Last updated March 2026

Anti-Money Laundering

1. Introduction

Money laundering is what criminals do to make dirty money look clean. It's a serious offence. And for a business like ours — one that processes card payments for contact centres and sits right in the flow of financial data — the risks are real and the stakes are high.

Clients hand us their payment infrastructure. If anyone ever tried to use our platform to launder money, it wouldn't just be a legal headache. It would break the trust our clients and their customers put in us every day. So we don't take chances.

2. Policy Statement

We comply with every piece of anti-money laundering legislation that applies to us: the Proceeds of Crime Act 2002, the Terrorism Act 2000, and the Money Laundering, Terrorist Financing and Transfer of Funds Regulations 2017. That's the legal floor. We go further than the floor. We won't knowingly provide services to anyone involved in money laundering, terrorist financing, or other financial crime. Full stop.

Global applicability

This policy applies to all Paytia operations worldwide, including our US entities and any customer we work with outside the UK. We run the same financial-crime controls wherever our platform is used.
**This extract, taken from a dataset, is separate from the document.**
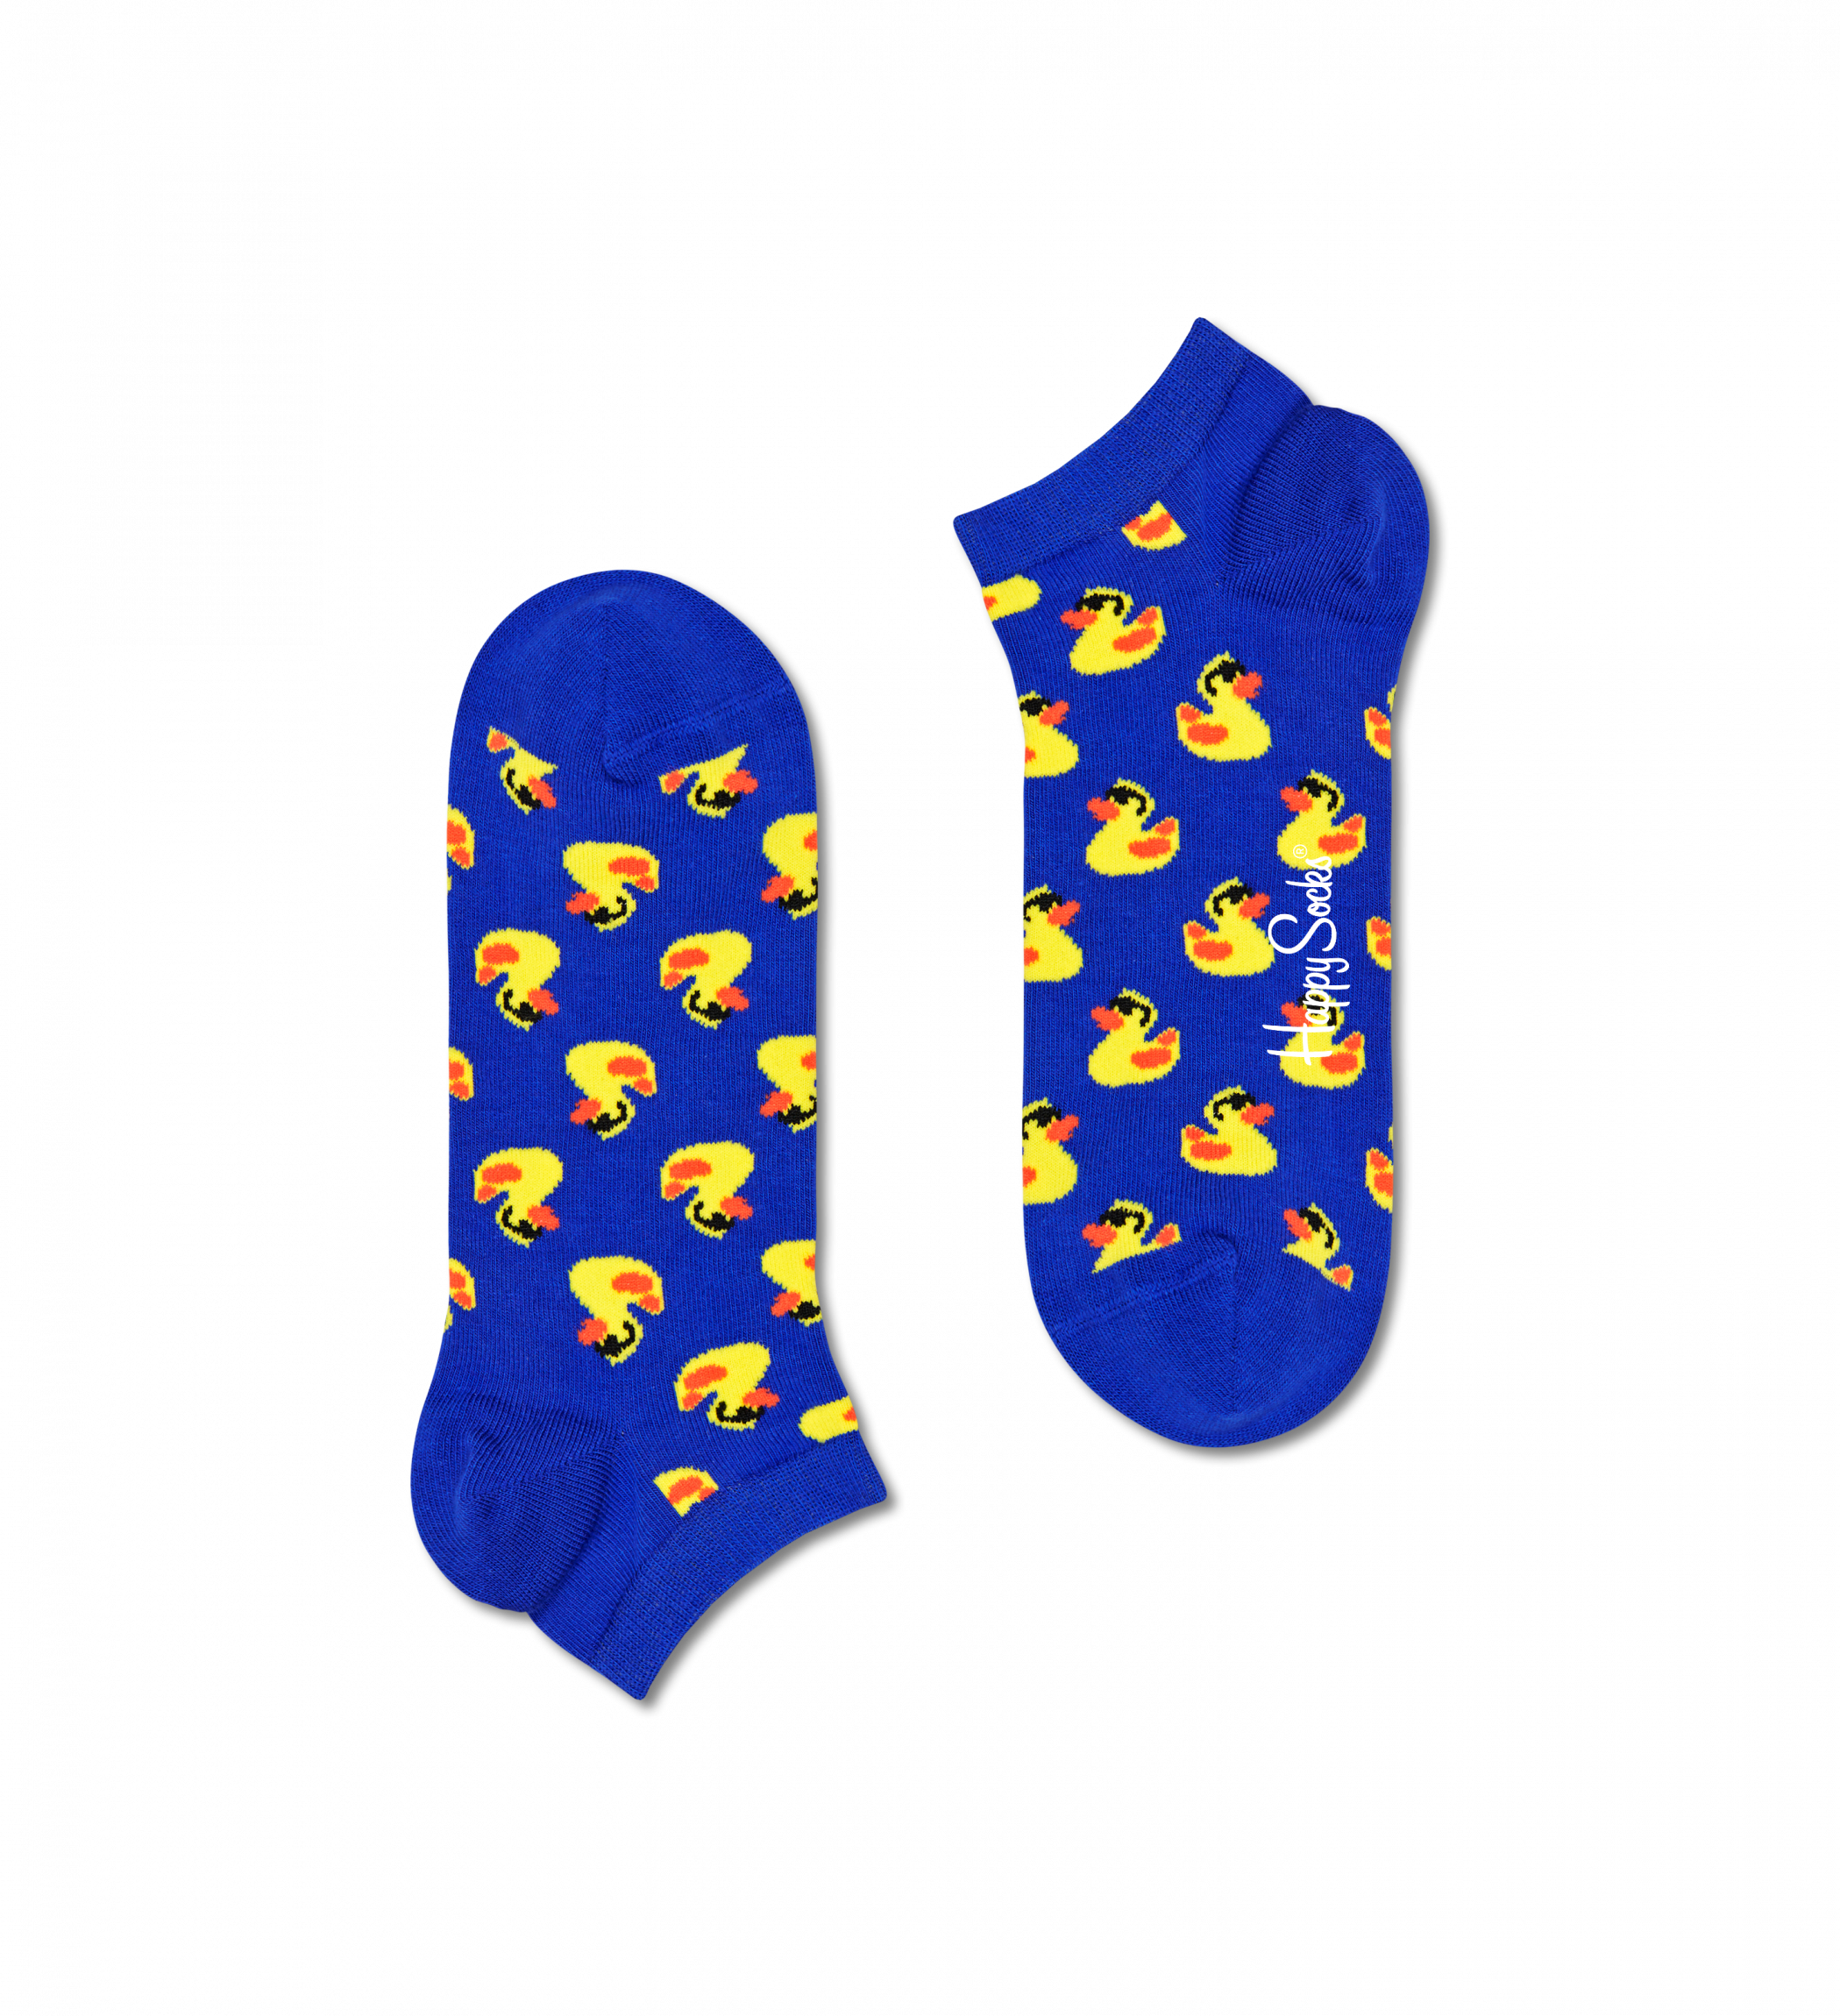 Modré nízké ponožky Happy Socks s kačenkami, vzor Rubber Duck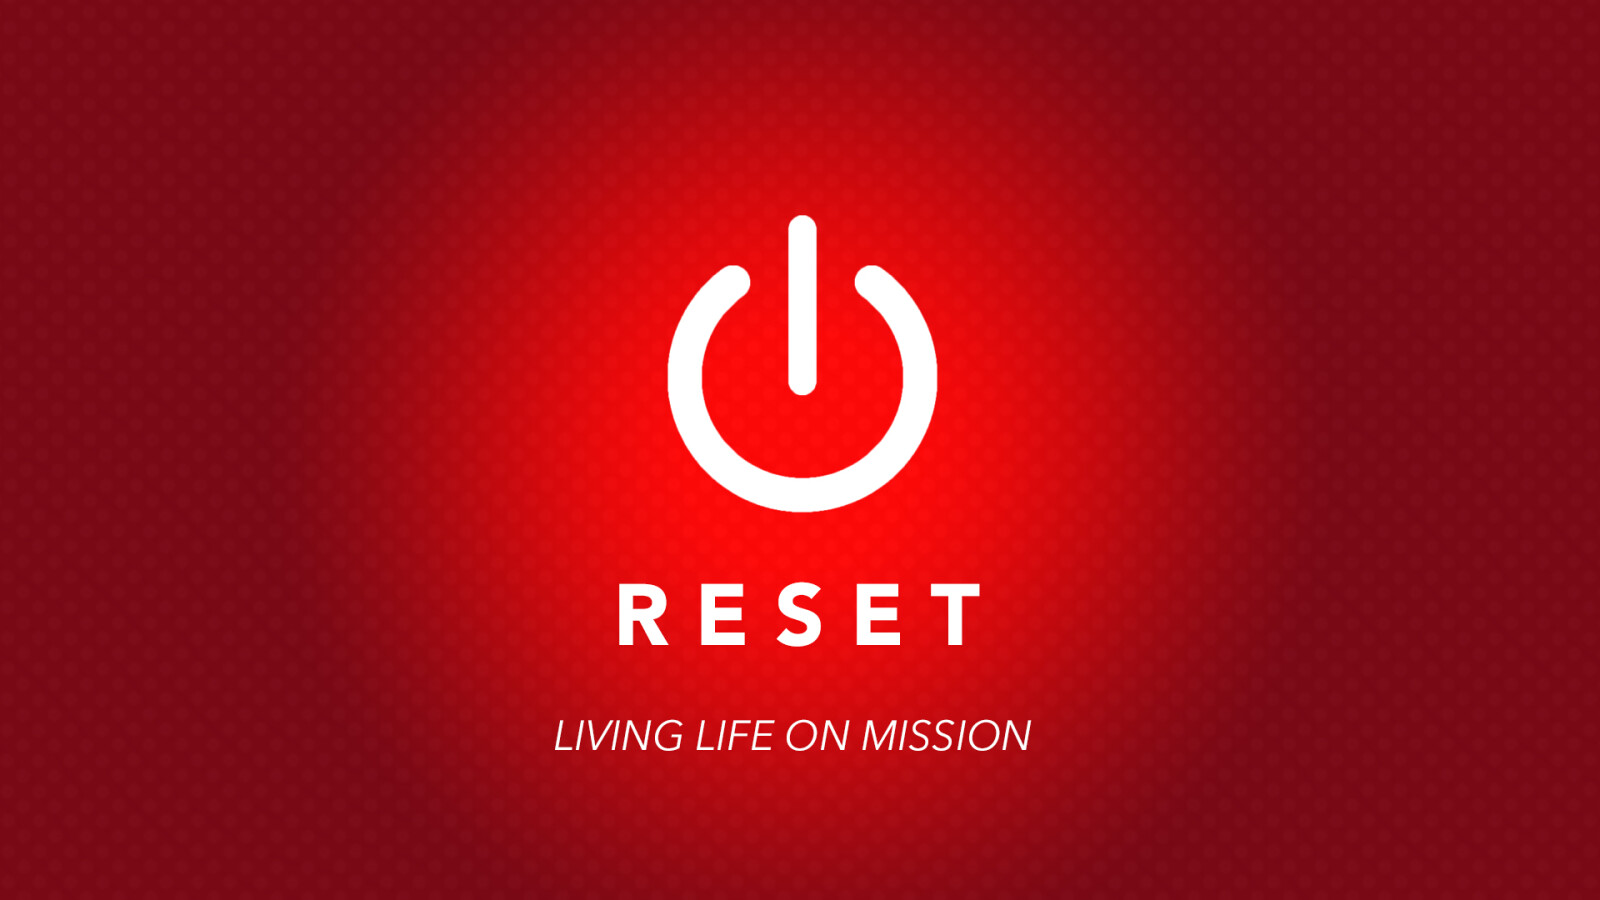 Reset: Life on Mission

Alongside the UK Proceeds of Crime Act 2002 and the Money Laundering, Terrorist Financing and Transfer of Funds Regulations 2017, we align with the US Bank Secrecy Act, FinCEN reporting obligations (including Suspicious Activity Reports and Currency Transaction Reports where applicable), and OFAC sanctions compliance. Where local law is stricter than these frameworks, we follow the stricter rule. Where it's weaker, we still hold the line described here.

All staff receive the same AML and sanctions training regardless of country, and our KYC, transaction monitoring, and reporting procedures apply globally. Local law adds to these commitments; it never reduces them.

3. Scope

This policy covers everyone at Paytia — employees, contractors, and any third party acting on our behalf, regardless of where they're based. Every part of our business needs to follow it. No exceptions.

4. Risk Assessment

We run periodic risk assessments to stay ahead of money laundering and terrorist financing threats. As a PCI DSS Level 1 certified platform processing card payments through contact centres, we pay particular attention to new products and services we launch, new technologies that create new payment channels, the nature and behaviour of our client relationships, and the geographies those clients and their customers operate in.

5. Know Your Customer (KYC)

Before we take a client on, we need to know who they are and what they do. Our KYC process verifies identity so we're confident we know who we're dealing with, digs into the client's business and why they need our platform, works out the money laundering risk that particular client brings, and keeps watching transactions afterwards for anything that looks off.

Higher-risk clients, products, or countries get enhanced due diligence on top. That can mean more documentation, more frequent reviews, or senior sign-off before we move ahead.

6. Transaction Monitoring

Because we're in the business of processing payments, we're well placed to spot things that don't look right. We watch for transactions involving high-risk countries, unusually large or complex payments that don't fit a client's normal profile, patterns with no obvious commercial purpose (repeated small payments structured to stay under reporting thresholds is a classic one), and anything that could suggest terrorist financing.

7. Suspicious Activity Reporting

If you spot something that doesn't look right, report it to our Money Laundering Reporting Officer (MLRO) immediately. Don't investigate it yourself and don't tip anyone off — that could itself be a criminal offence. The MLRO will assess the situation and decide whether to file a Suspicious Activity Report (SAR) with the National Crime Agency.

8. Record Keeping

Good records do the heavy lifting here. We keep thorough documentation of everything tied to AML compliance: client identification and verification documents, transaction records, the risk assessments we've run, any suspicious activity reports filed, and staff training records.

We hold them for at least five years, or longer where the rules say so.

9. Training

Everyone who needs to understand AML gets proper training. It's not a slide deck once a year. We walk people through their legal responsibilities (and these are personal, not just corporate), the regulatory framework we work inside, how our own policies and procedures play out day-to-day, and what suspicious activity actually looks like on the ground — along with how to report it.

10. Monitoring and Review

Our compliance team reviews how well our AML controls are working on a regular rhythm. If something isn't up to scratch, we fix it quickly and flag it to senior management. Regulation keeps shifting, and we move with it. This policy gets rewritten when it needs to — it isn't a document that sits in a drawer.

Approved by the Paytia Board of Directors. Reviewed and updated annually.